## WHAT IS BEING ASKED:
Wherever a picture appears in the data below, omit it, and restate everything else word for word.

## DATA PROVIDED:
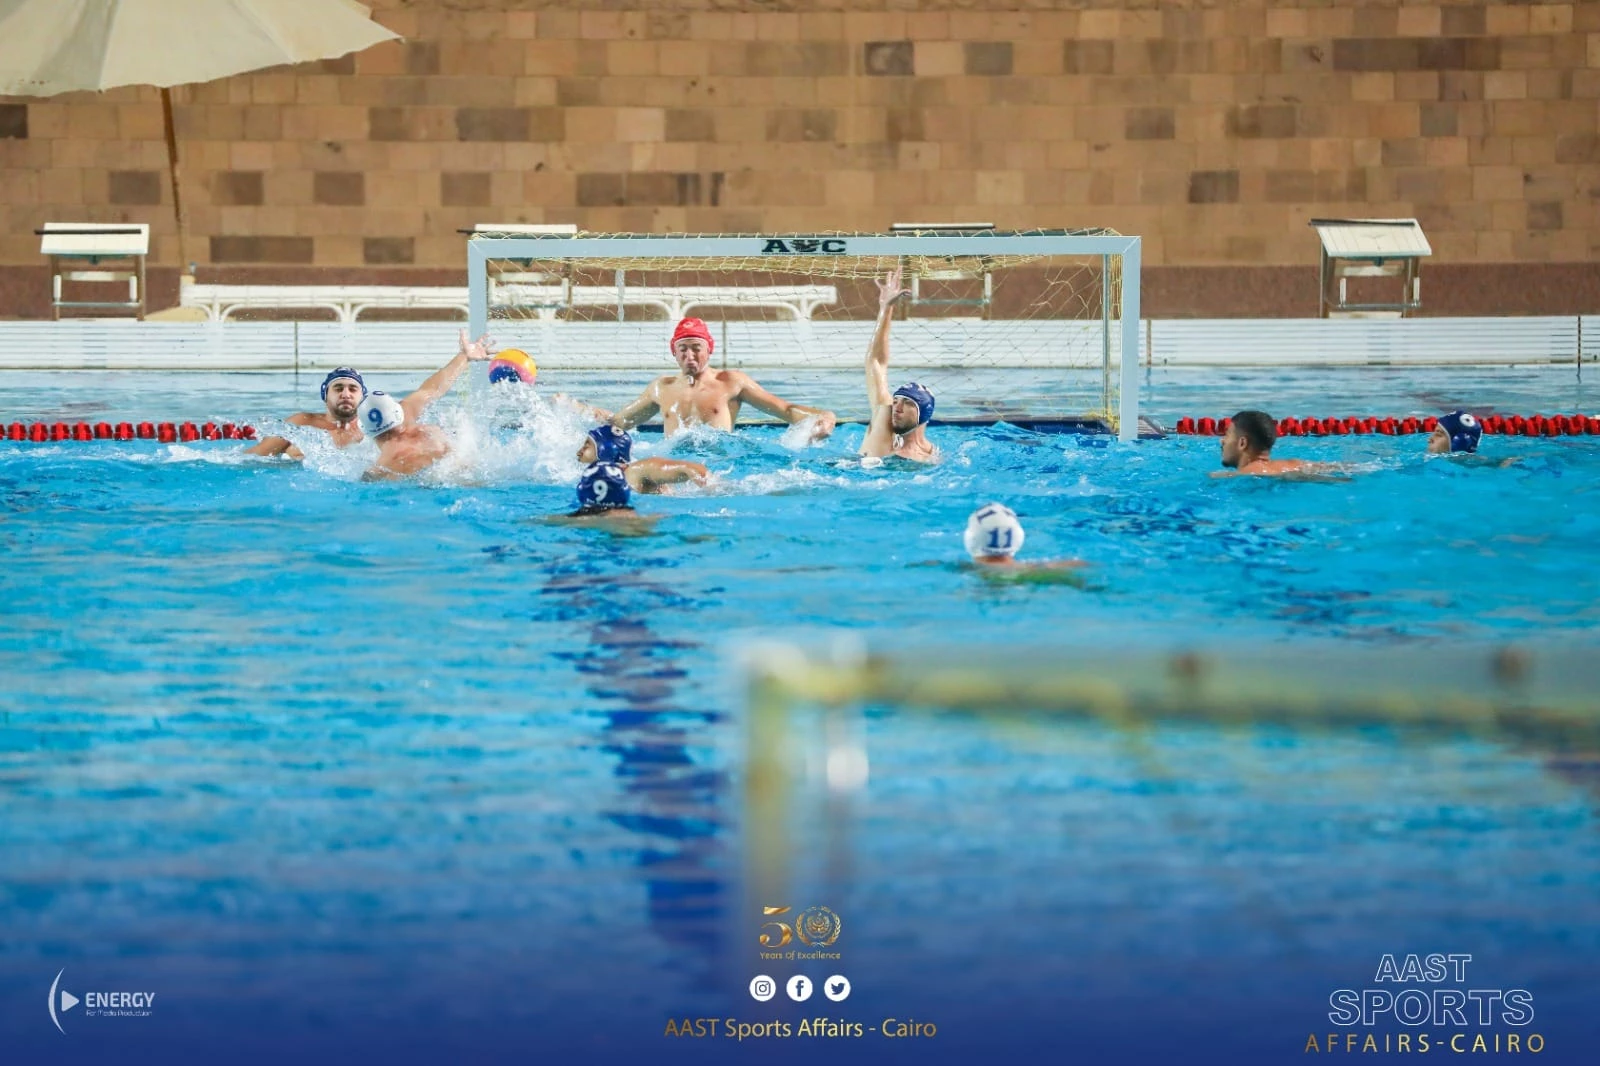 The Academy's water polo team in Cairo wins silver in the championship of private universities held at the American University in Cairo.6
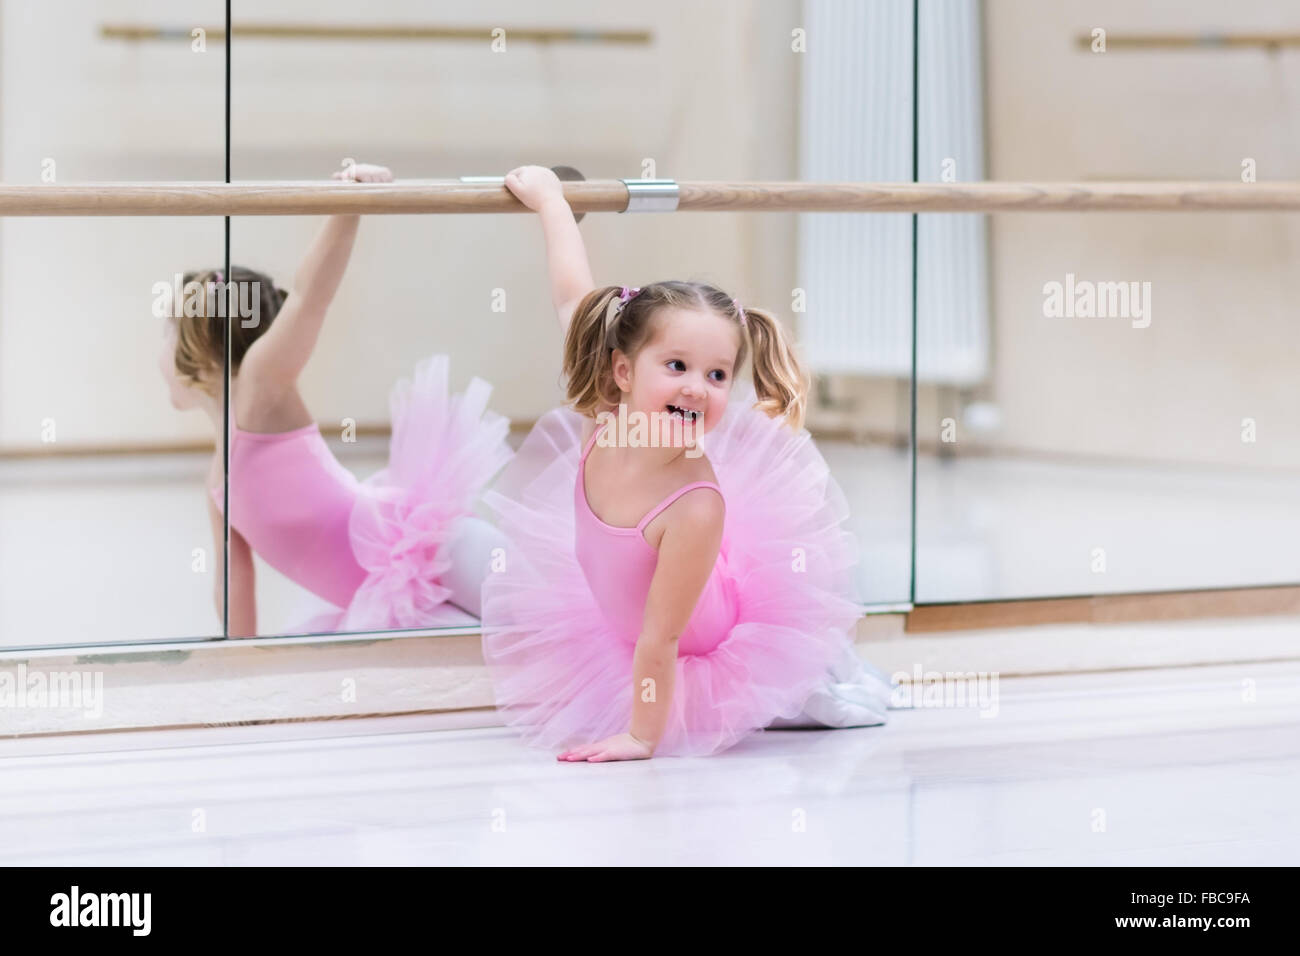 Adorable photo of little ballerina in a lilac dress and white
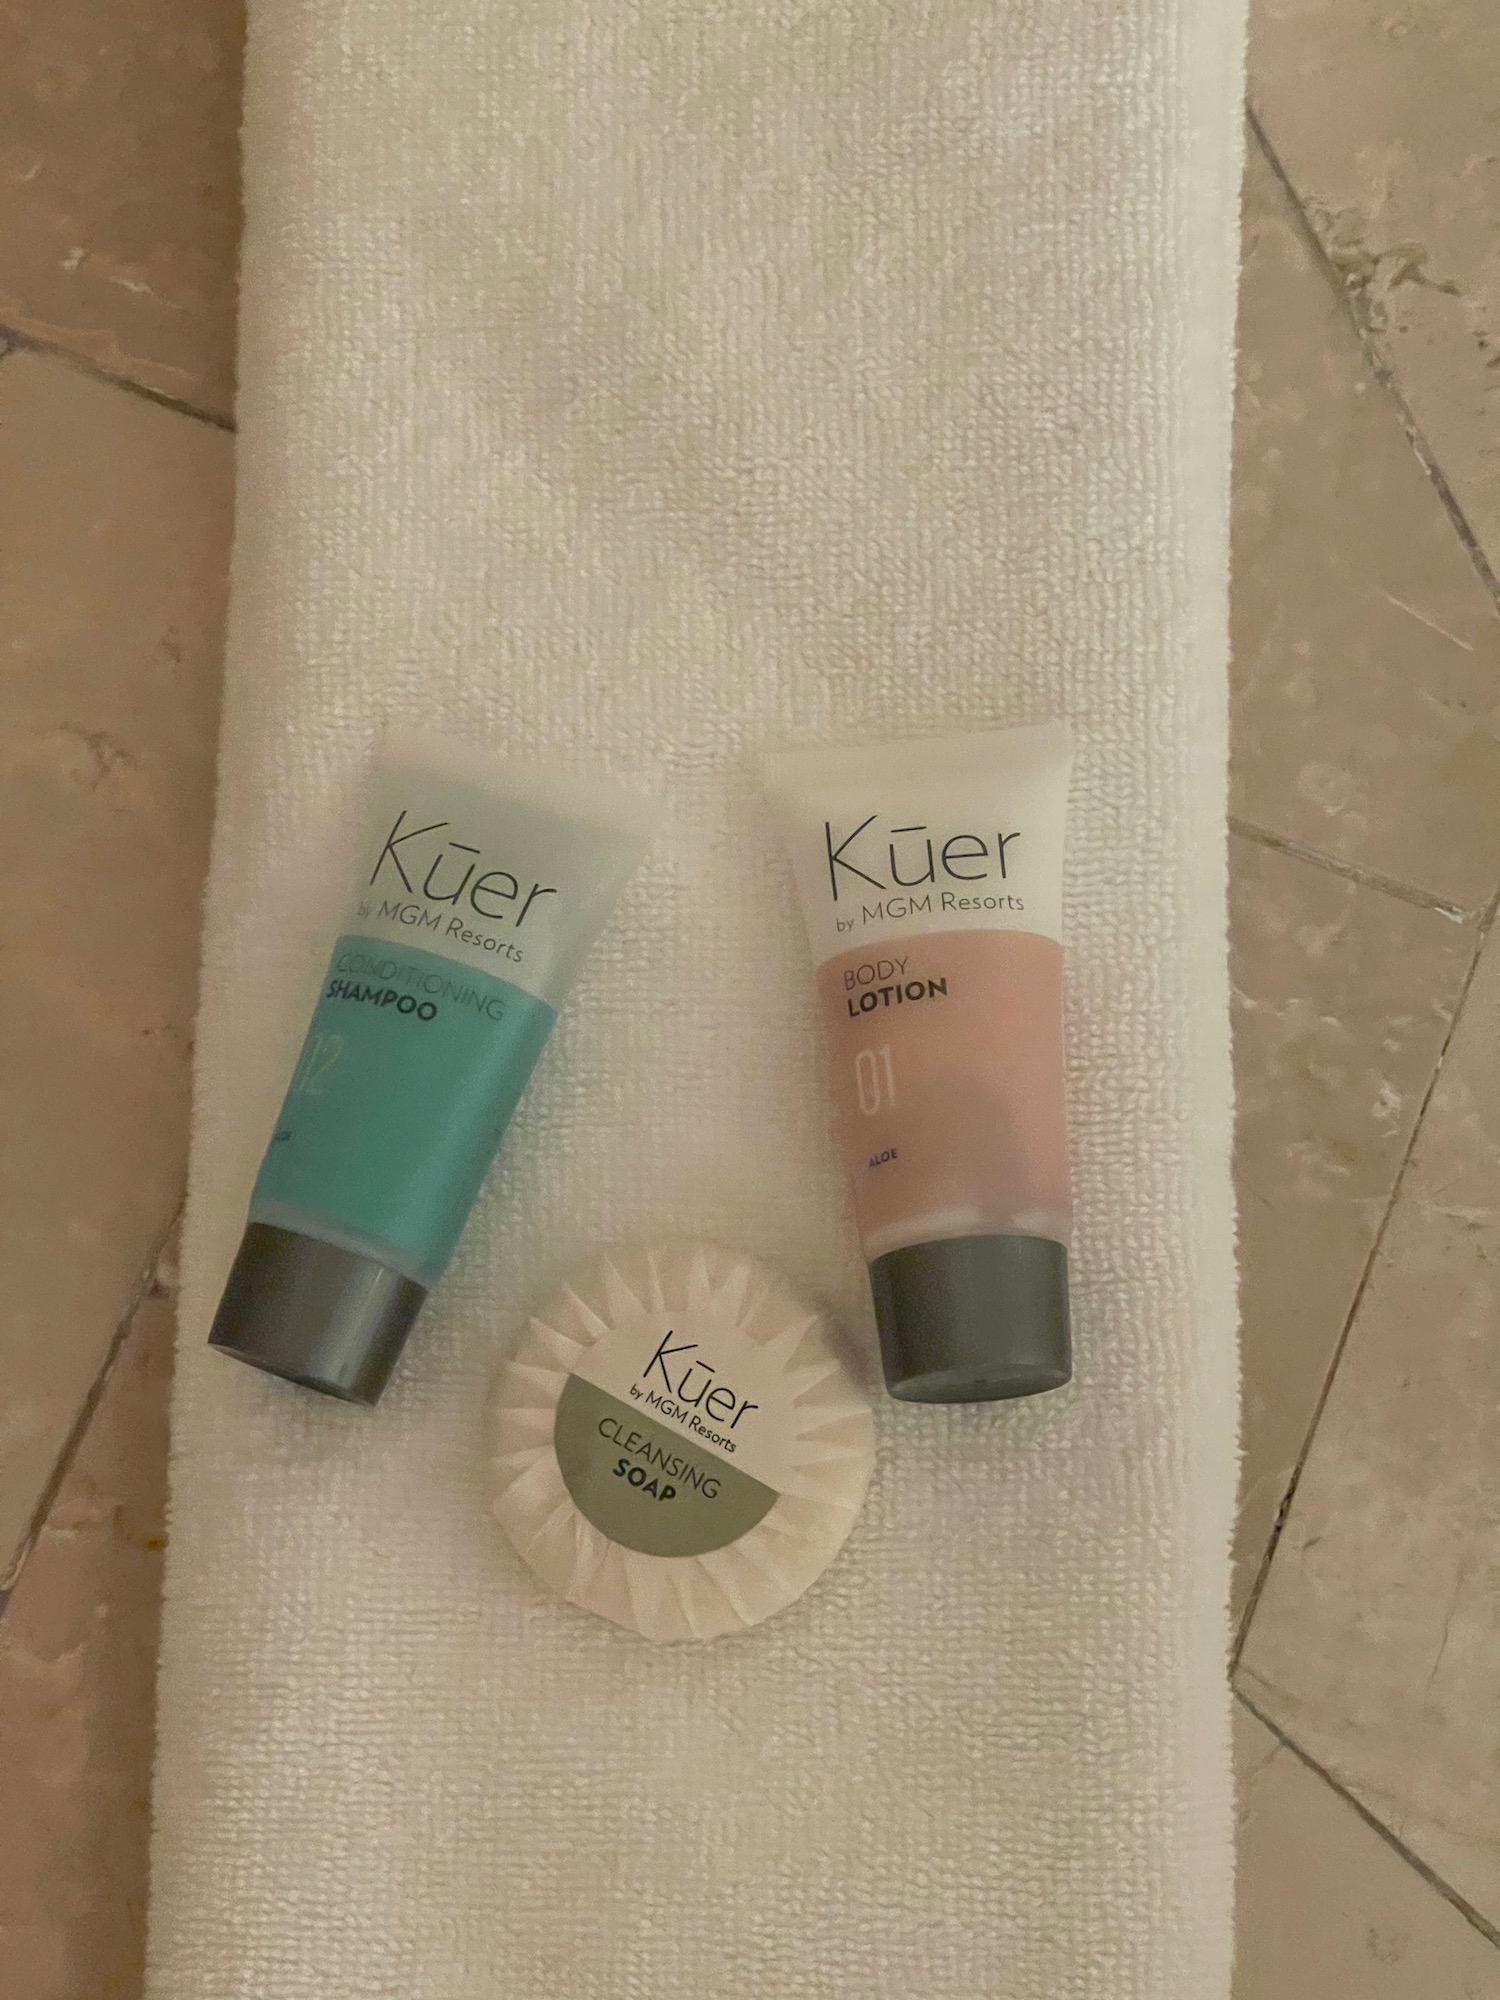 a group of small bottles of shampoo and soap on a towel

## ANSWER SECTION:
 The Academy's water polo team in Cairo wins silver in the championship of private universities held at the American University in Cairo.6
 Adorable photo of little ballerina in a lilac dress and white
 a group of small bottles of shampoo and soap on a towel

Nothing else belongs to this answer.